I don't ever decline water when offered, if only for an on the spot drink. If water is offered ... how can you decline water? I still haven't bought a bottle of water, in anger or in need, not once. I can only imagine what touring costs, if a rider is regularly buying water. I'm a heavy user of water, never using less than 6-9 litres a day, nor carrying more than 3lts of processed water, at any one time. On plenty of days I'll use as much as 12+ litres of fresh water when touring. The MSR Expedition ceramic water filter that I have is good for 5000 lts, supposedly. No putrid green water or muddy puddle has ever turned me away.
I feel insulted when my offers of crystal clear and thoroughly processed water are declined.
"But on steep descending...Larson TT have bad effect on the mind of a rider" - MadRider from Suji, Korea 2001.
"Paved roads ... another fine example of wasteful government spending." - a bumper sticker.
Two sightings yesterday, on Tasman highway, heading toward Hobart.
First, French man, lives in US, came to Australia, hired car, toured Qld, NSW, and Vic. Bought a single speed bike and headed out from Devonport. He has zig zagged around the North East of Tasmania, with trips to Lake Leake and Wine Glass Bay mentioned. Previous cycling experience was a regular short ride to work in the US. He has a large red bag balanced on the handlebars, gym boots, and flat pedals. He had a sore left leg a few days ago, so adapted to "more pedalling " with the right leg. Now he has a sore right leg. I chatted with him just south of Buckland, walking up a hill. He enquired about the flatest way to Hobart, and had already heard of the route through Sorell, thus avoiding Grasstree Hill on the alternative Richmond route. He plans to go from Hobart to the west coast; I certainly hope he is prepared for more walking.
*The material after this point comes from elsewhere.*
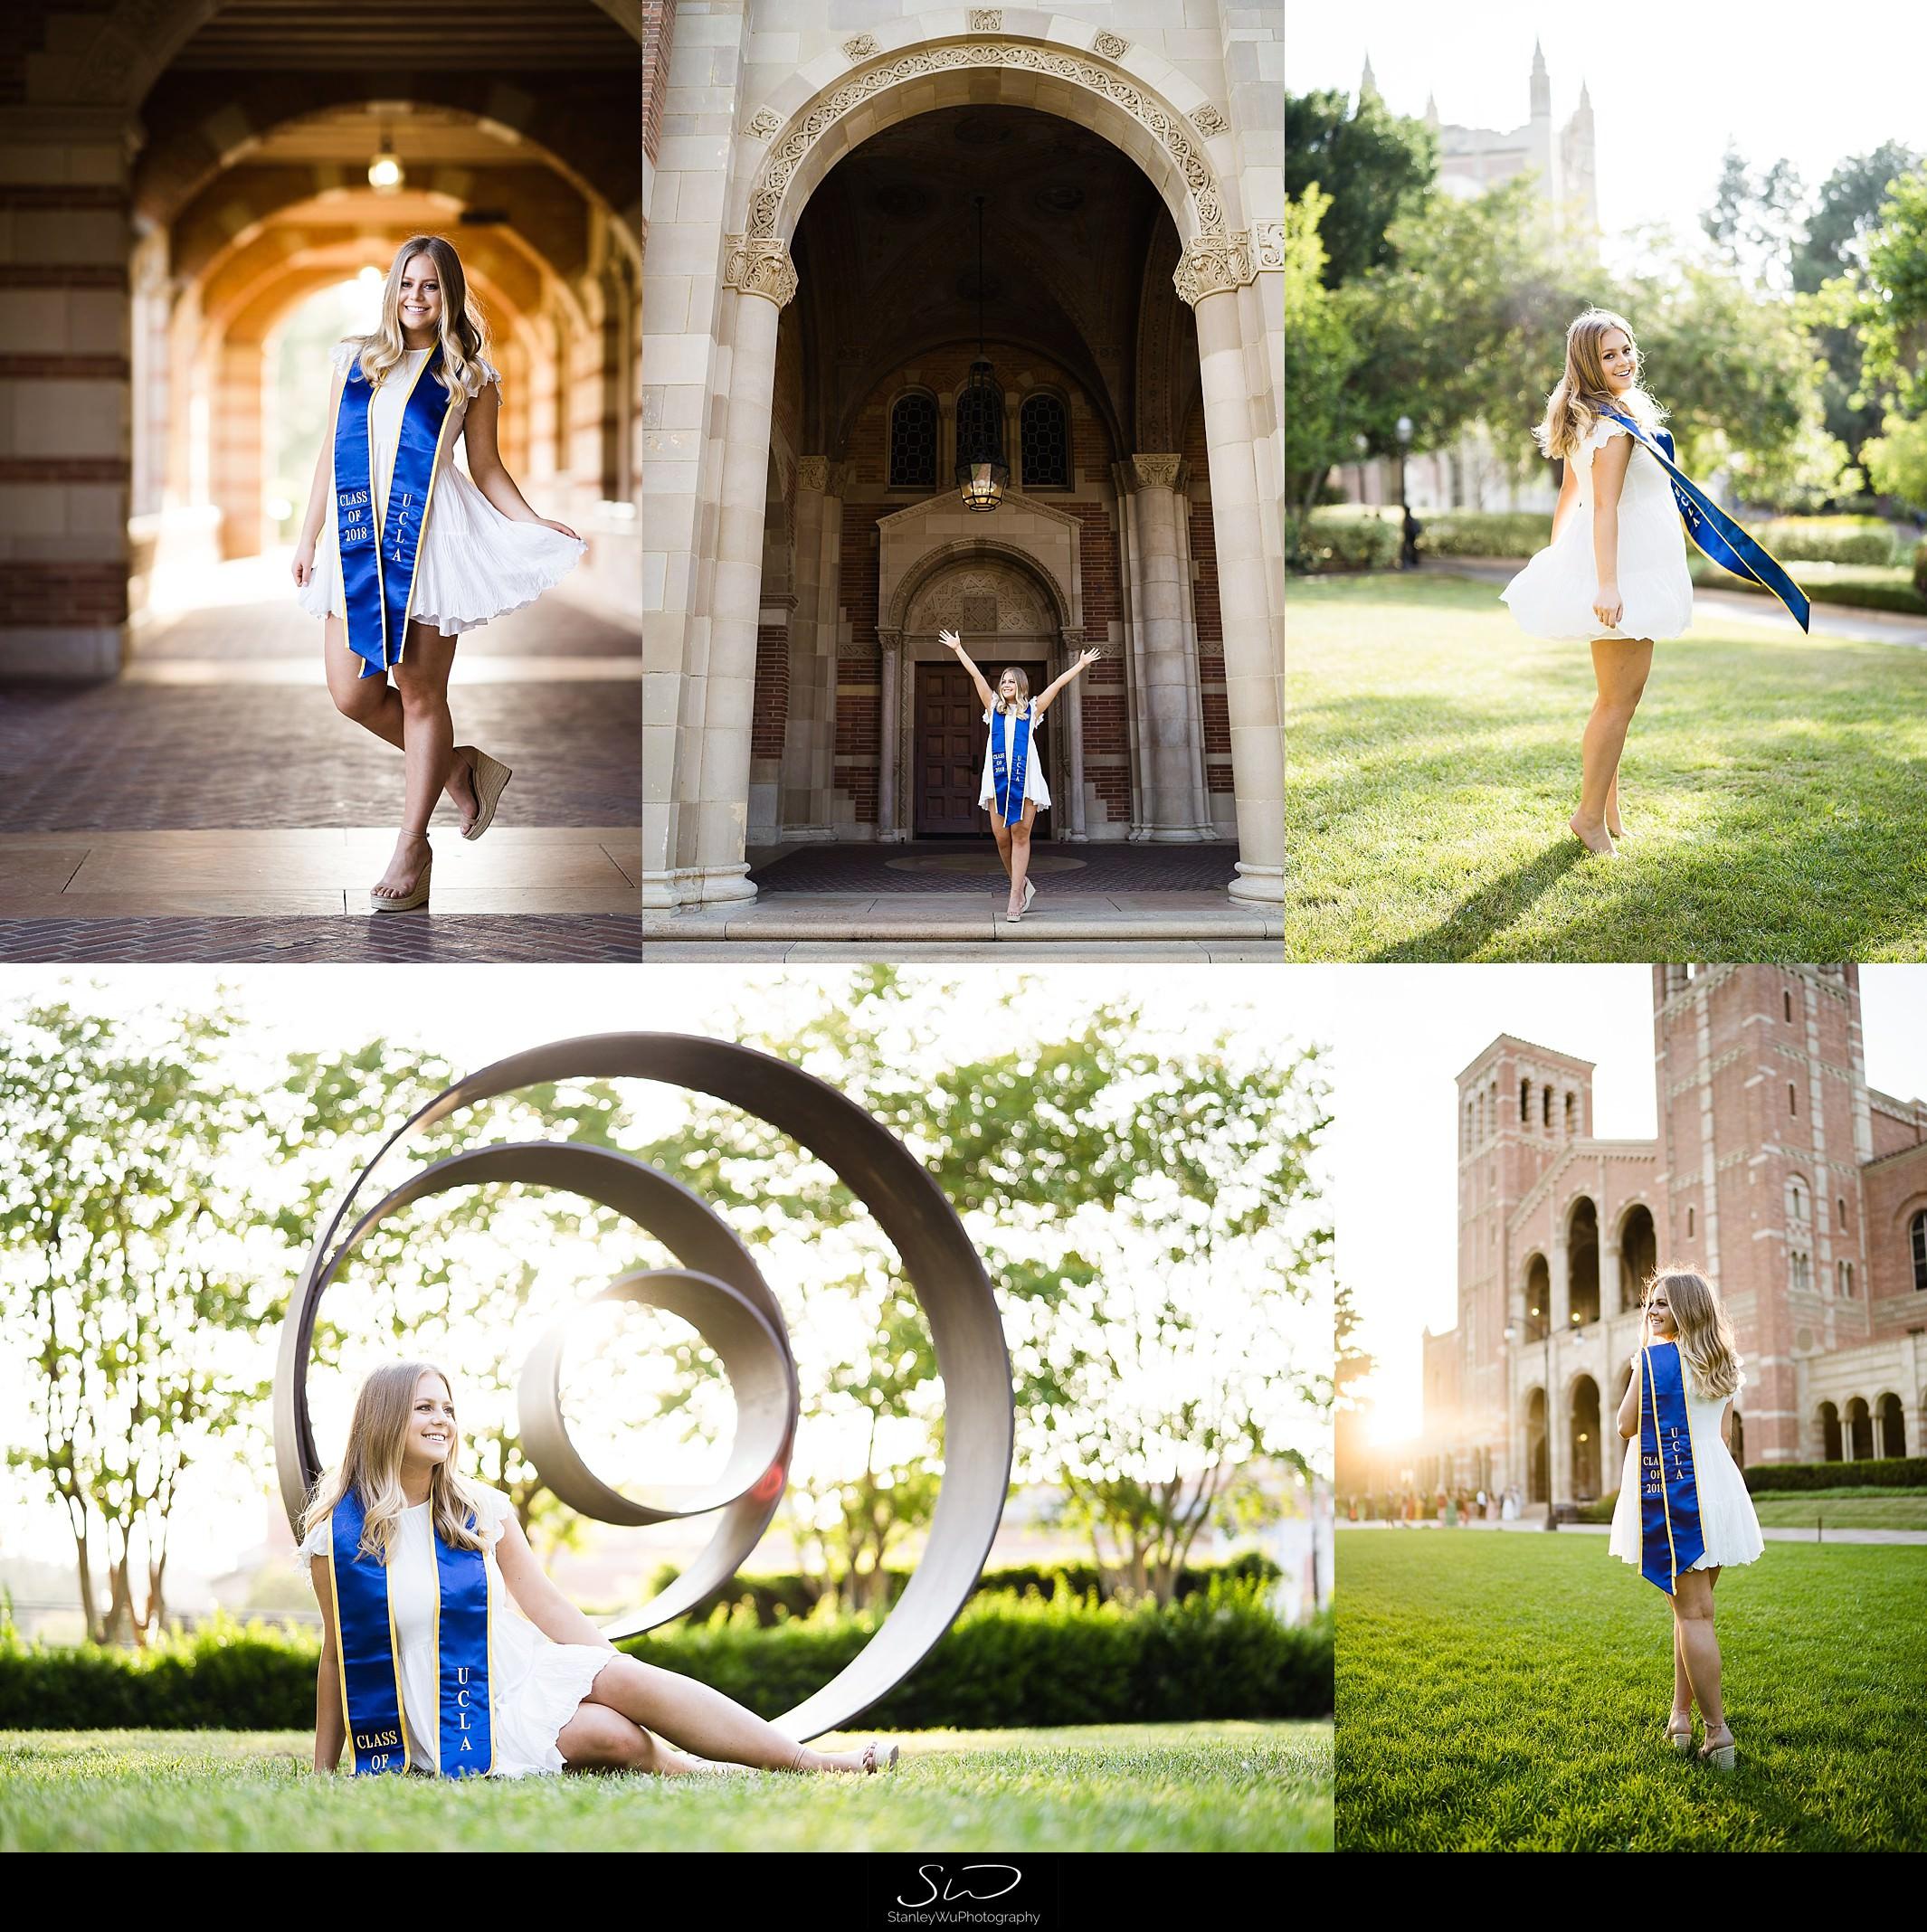 graduation-senior-portraits-los-angeles_0046.jpg

Second sighting. On Finger Post road heading into Richmond. A couple on a tandem, towing a two wheel trailer, with a dog cage containing Tiffany, a smallish Terrier type dog. They left Mt Gambier on 7/12/11, travelled the Great Ocean Rd in Victoria to Melbourne, Spirit of Tasmania over Bass Strait, Devonport, Launceston, down the east Coast to Richmond. Saw them again at the Richmond Bakery; obviously been well advised about eating places. I know stuff all about touring, however I had the firm impression that they were on top of the game. (and, could they hammer down hills!)
I do hope all goes well for the French man.
Thanks for the reminder about this thread.
I spotted a couple riding along Curtin Avenue, Cottesloe the other day. They where not loaded up but by the looks of the bikes (seriously setup touring bikes) I would say they where tourers. Unfortunately I was driving the other way so didn't get a chance to chat.
Armando was on page 17 of Hobart Mercury on Thursday 29/12/11. I saw him on Friday, heading out along the East Derwent Highway, presumably for Grasstree Hill and Richmond. Unable to speak due to divided road. I have tried to post the newspaper item, however I get a message saying it is too big
Thanks master6, coincidentally I was planning my own Tassie odyssey as it too hot to be outside today (40degrees in Melbourne at 6:30pm). I half expect him to lob on my doorstep within the next few days given the speed at which he travels. He's quite the media savvy rider and often has cuttings he shows me from newspaper articles featuring him as he passes through.
I mistimed my attempt to intercept il padrone and his 14 mates who were due to ride out of Richmond (Tas) for Triabunna this morning, however all was not lost in my "meet the cycle tourist" endeavour.
As I headed up the Tasman highway, I spied a New Zealand couple on the lower end of Bust Me Gall Hill. Man was resting under a tree, off the road, so I rode up to lady and had a brief chat. It is always interesting to discover a little about our visitors, and I suggested that they might like to stop at the Tasmanian Bushland Gardens, a few km before Buckland.
A group of about a dozen, from Shell Harbour in NSW, found pedaling up Grasstree Hill toward Hobart this morning. They have done Launceston, Campbelltown, Swansea, down the east coast, and finishing in Hobart. The seemed impressed with Tasmanian weather. Nice to have had a brief chat with a couple of them.